Studies show that a significant percentage of people that suffer traumatic brain injuries have continuing problems. A study regarding mild traumatic brain injury indicates that people that suffer mild traumatic brain injuries can have adverse long term psychiatric, neurologic and psychosocial morbidities.
Traumatic brain injury survivors that have continuing problems are classified as having persistent post-concussive symptoms.
These continuing problems can consist of all or some of the following:
- Physical - Affecting how the body works
- Cognitive - Affecting how the person thinks, learns and remembers
- Emotional - Affecting how the person feels
- Behavioral - Affecting how a person acts
Continuing cognitive problems after traumatic brain injury can consist of problems with all or some of the following:
- Attention and concentration
- Processing and understanding
- Memory
- Communication
- Planning, organizing and assembling
- Reasoning, problem solving, decision making and judgment
- Controlling impulses and desires and being patient
Continuing emotional problems after traumatic brain injury can occur as the brain injury can change the way people feel or express emotions. These continuing problems can consist of the following:
- Emotional Lability - Mood swings, emotional outbursts, lack of control, lack of patience.
- Anxiety - The feeling of fear or nervousness, feeling anxious without knowing why, worry and panic attacks.
- Depression - Caused by the struggle to adjust to disability or an inability to work and interruption in one's everyday activities, can also be caused by biochemical and physical changes in the brain caused by the traumatic brain injury.
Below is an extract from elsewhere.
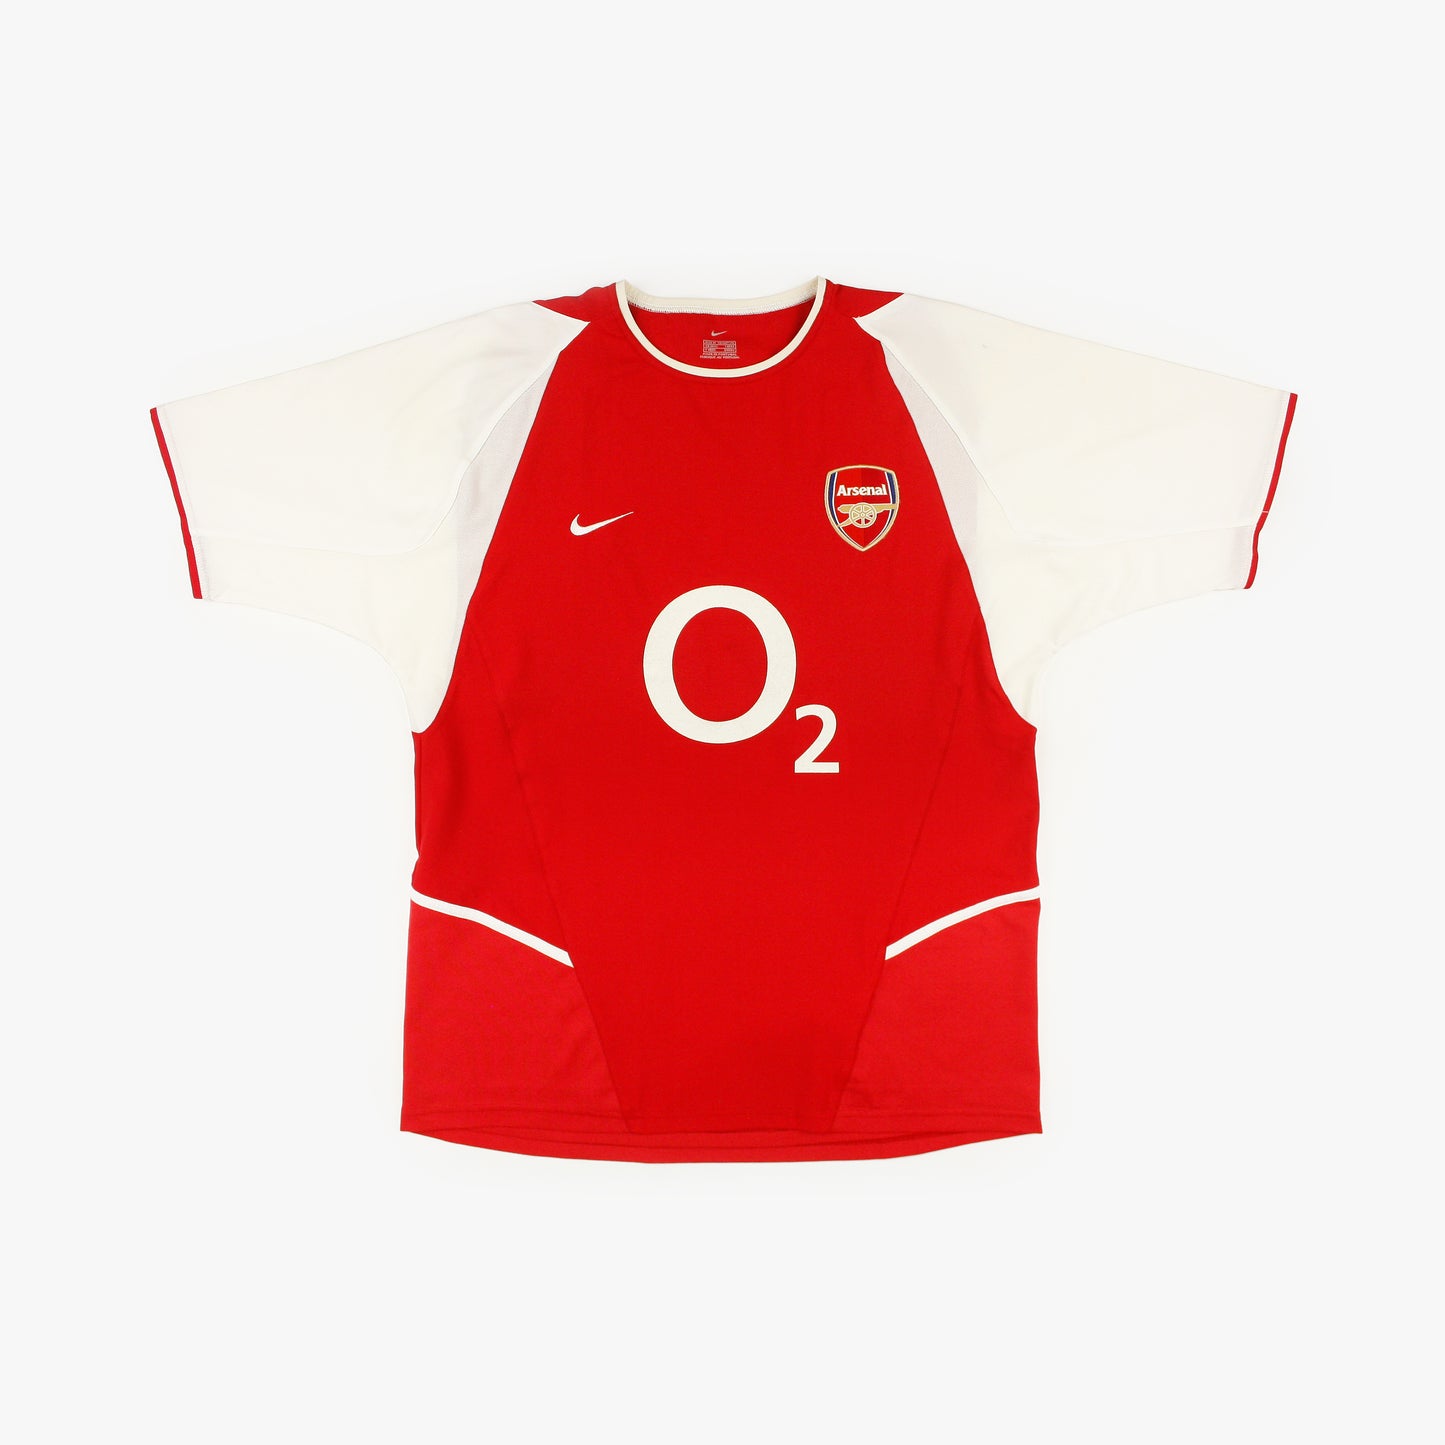 Arsenal 02/04 • Camiseta Local • M

- Temper Outbursts and Irritability - A traumatic brain injury can cause frequent irritability, causing the victim to fly off the handle easily having temper outbursts.
Continuing problems with social communication - The traumatic brain injury victim can experience the following on a continuing basis:
- Problems with starting and ending conversations
- Problems with staying on topic
- Having inhibiting inappropriate communication behaviors
- Interrupting people and not participating in turn taking
- Showing feelings with facial expressions
- Speaking at an inappropriate rate
Traumatic brain injury victims that suffer continuing problems should discuss these problems with the therapist they are seeing and especially with the neuropsychologist that has tested them in order to have the appropriate referrals made that will include treatment and medication.